The workaround is to seed the required backend permissions using --initialPermissions. Create a file called backend-permissions.json (a sample is provided at samples/terraform/backend-permissions.json):

{
  "RequiredPermissions": {
    "": [
      "Microsoft.Storage/storageAccounts/read",
      "Microsoft.Storage/storageAccounts/listKeys/action",
      "Microsoft.Storage/storageAccounts/blobServices/containers/read",
      "Microsoft.Storage/storageAccounts/blobServices/containers/blobs/read",
      "Microsoft.Storage/storageAccounts/blobServices/containers/blobs/write"
    ]
  }
}

Then run MPF with:

export MPF_SUBSCRIPTIONID="YOUR_SUBSCRIPTION_ID"
export MPF_TENANTID="YOUR_TENANT_ID"
export MPF_SPCLIENTID="YOUR_SP_CLIENT_ID"
export MPF_SPCLIENTSECRET="YOUR_SP_CLIENT_SECRET"
export MPF_SPOBJECTID="YOUR_SP_OBJECT_ID"
export MPF_TFPATH=$(which terraform)

cd my-terraform
terraform init

azmpf terraform \
  --initialPermissions @backend-permissions.json \
  --workingDir $(pwd) \
  --verbose

On Windows (PowerShell):

$env:MPF_SUBSCRIPTIONID = "YOUR_SUBSCRIPTION_ID"
$env:MPF_TENANTID = "YOUR_TENANT_ID"
$env:MPF_SPCLIENTID = "YOUR_SP_CLIENT_ID"
$env:MPF_SPCLIENTSECRET = "YOUR_SP_CLIENT_SECRET"
$env:MPF_SPOBJECTID = "YOUR_SP_OBJECT_ID"
$env:MPF_TFPATH = (Get-Command terraform).Source

cd my-terraform
terraform init

.\azmpf.exe terraform `
  --initialPermissions "@backend-permissions.json" `
  --workingDir (Get-Location).Path `
  --verbose

Example: ARM with Known Permissions (Comma-separated)

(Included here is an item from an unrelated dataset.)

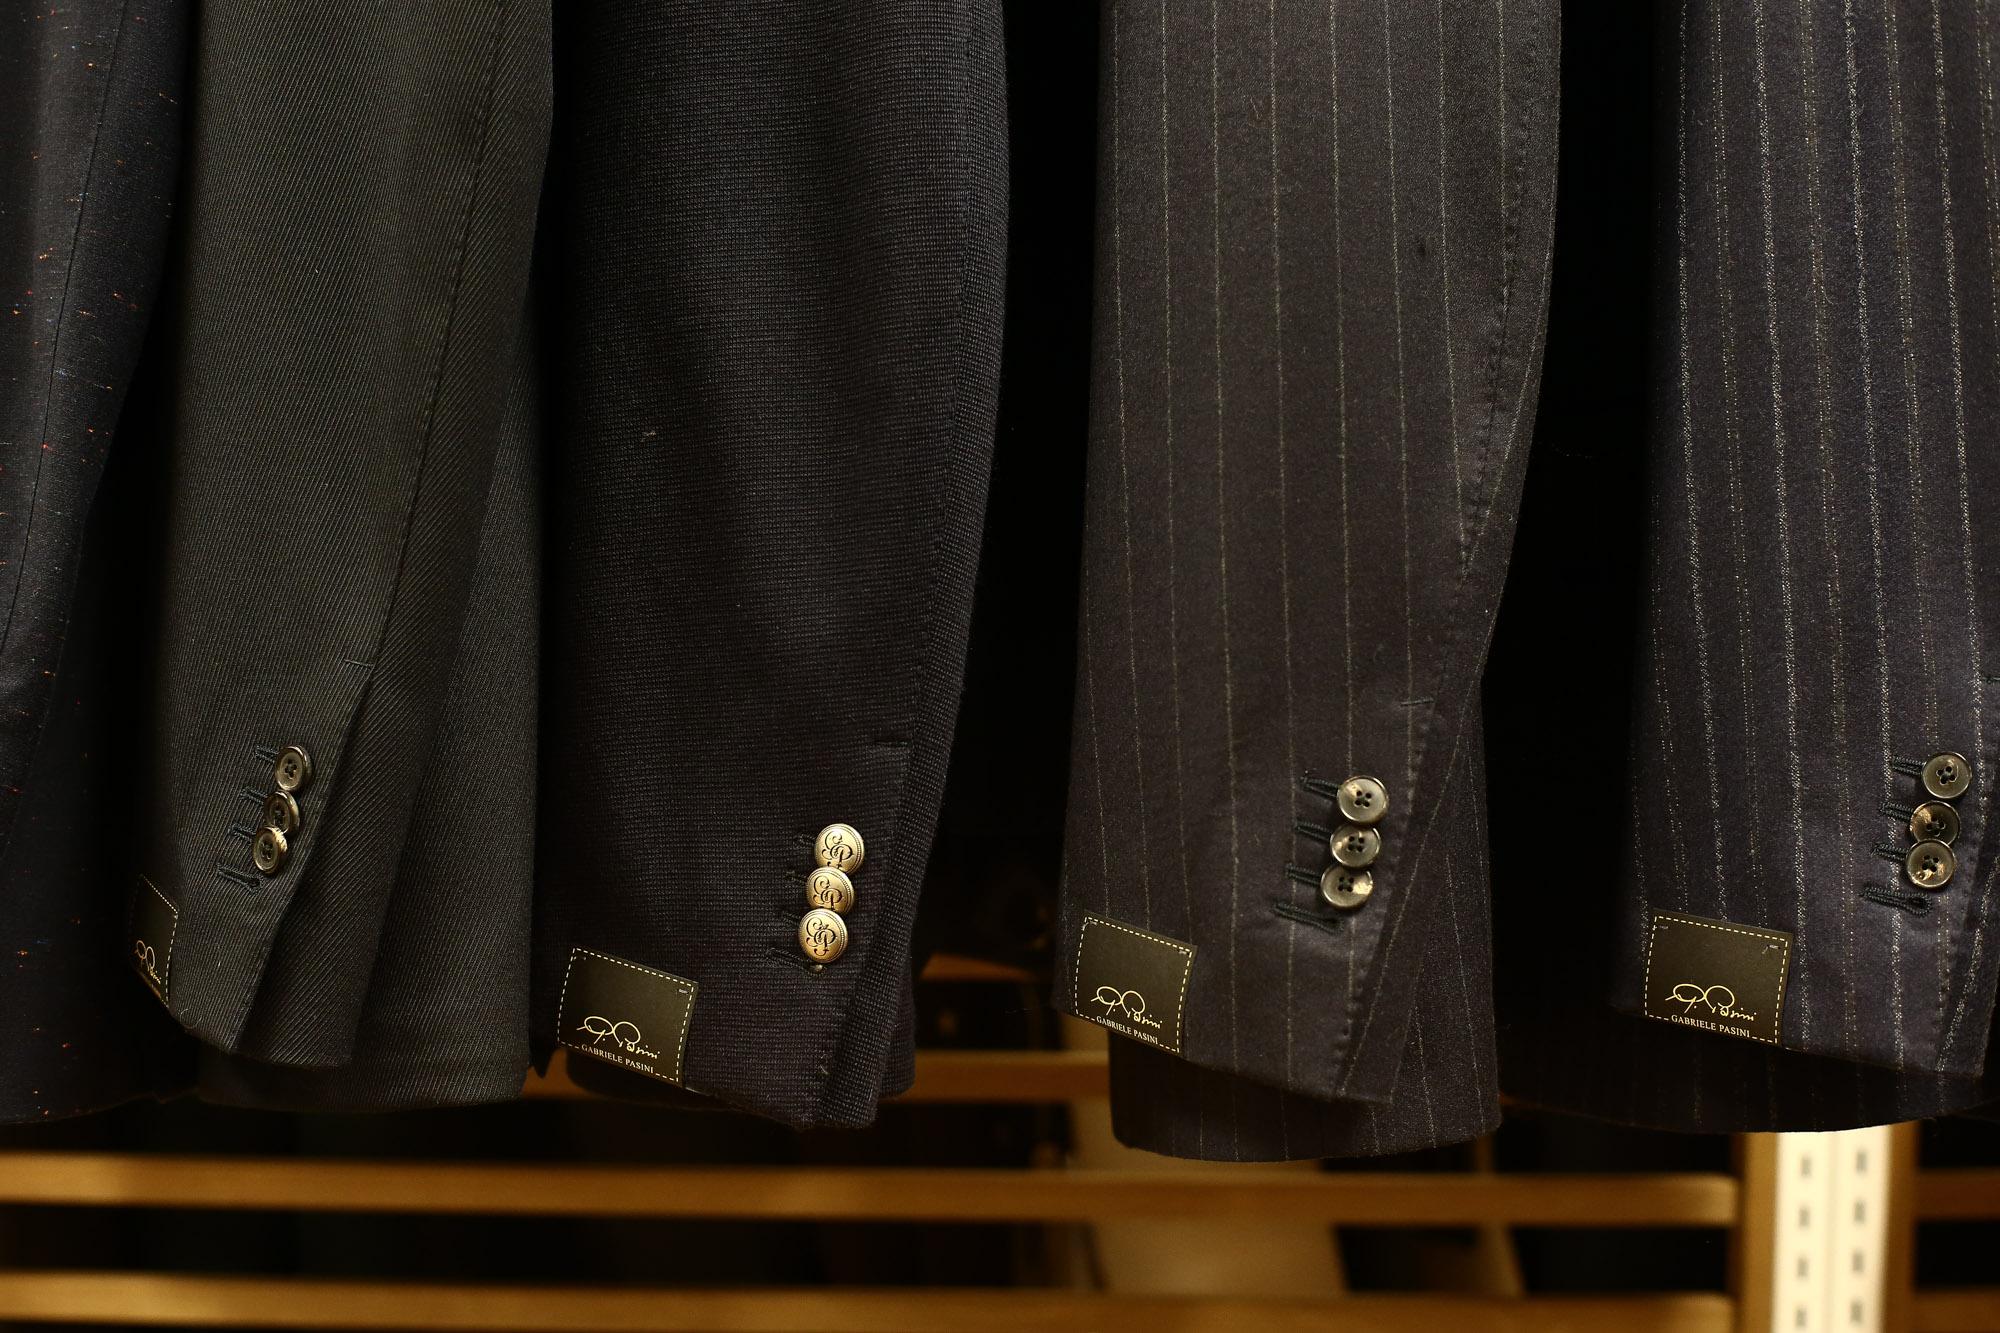 GABRIELE PASINI / ガブリエレ パジーニ (2017 秋冬 メイン 展示会) 愛知 名古屋 ZODIAC ゾディアック スーツ ジャケット セレクトショップ イタリア ストラスブルゴ  STRASBURGO gabrielepasini ガブリエレパジーニ
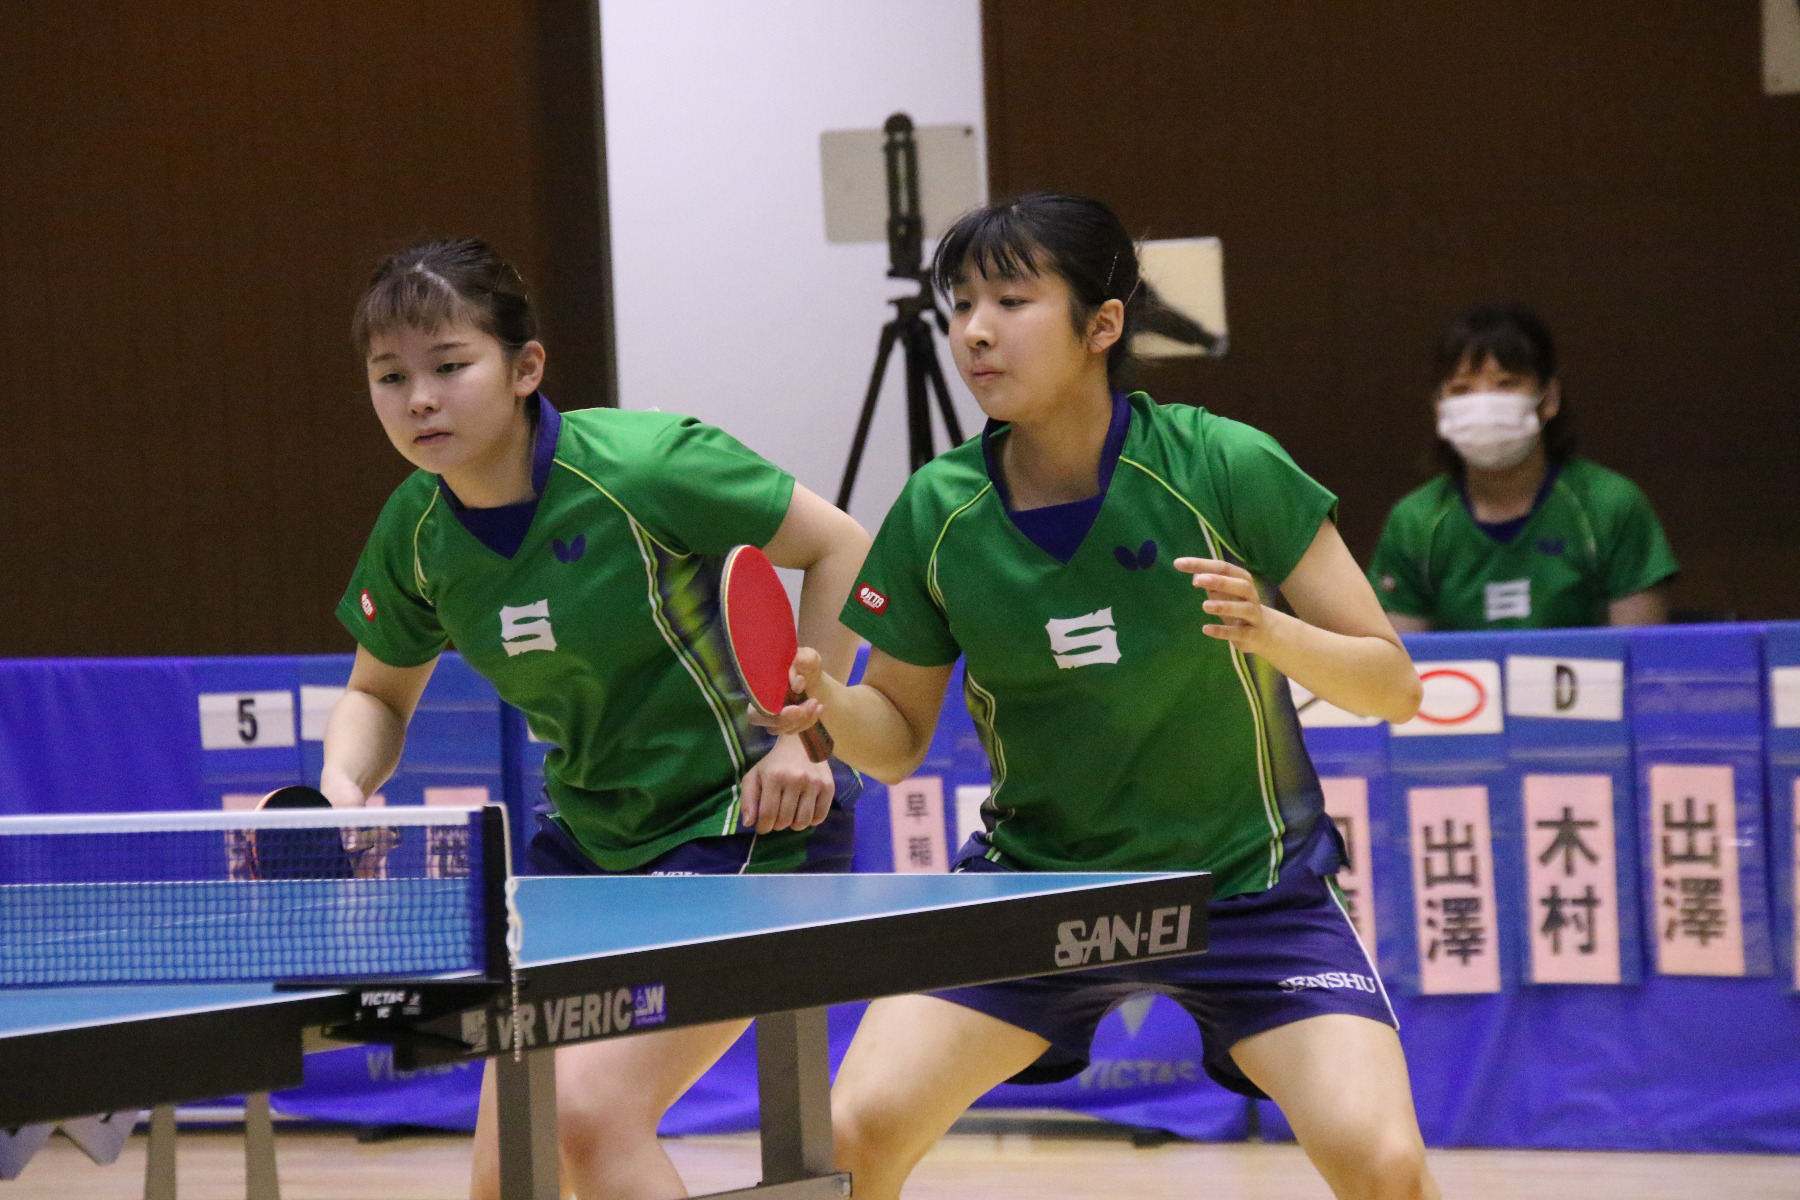 VICTAS ヴィクタス VICTAS PLAY ヴィクタスプレイ 卓球 インカレ 全日本大学総合卓球選手権大会

When deploying ARM templates where you already know some of the required permissions (e.g., from a previous MPF run or from documentation), you can seed them upfront to reduce execution time:

export MPF_SUBSCRIPTIONID="YOUR_SUBSCRIPTION_ID"
export MPF_TENANTID="YOUR_TENANT_ID"
export MPF_SPCLIENTID="YOUR_SP_CLIENT_ID"
export MPF_SPCLIENTSECRET="YOUR_SP_CLIENT_SECRET"
export MPF_SPOBJECTID="YOUR_SP_OBJECT_ID"

azmpf arm \
  --initialPermissions "Microsoft.Network/virtualNetworks/read,Microsoft.Network/virtualNetworks/write,Microsoft.Network/virtualNetworks/subnets/read,Microsoft.Network/virtualNetworks/subnets/write" \
  --templateFilePath ./samples/templates/aks-private-subnet.json \
  --parametersFilePath ./samples/templates/aks-private-subnet-parameters.json \
  --verbose

Or using PowerShell on Windows:

$env:MPF_SUBSCRIPTIONID = "YOUR_SUBSCRIPTION_ID"
$env:MPF_TENANTID = "YOUR_TENANT_ID"
$env:MPF_SPCLIENTID = "YOUR_SP_CLIENT_ID"
$env:MPF_SPCLIENTSECRET = "YOUR_SP_CLIENT_SECRET"
$env:MPF_SPOBJECTID = "YOUR_SP_OBJECT_ID"

.\azmpf.exe arm `
  --initialPermissions "Microsoft.Network/virtualNetworks/read,Microsoft.Network/virtualNetworks/write,Microsoft.Network/virtualNetworks/subnets/read,Microsoft.Network/virtualNetworks/subnets/write" `
  --templateFilePath .\samples\templates\aks-private-subnet.json `
  --parametersFilePath .\samples\templates\aks-private-subnet-parameters.json `
  --verbose

Example: ARM with Known Permissions (JSON File)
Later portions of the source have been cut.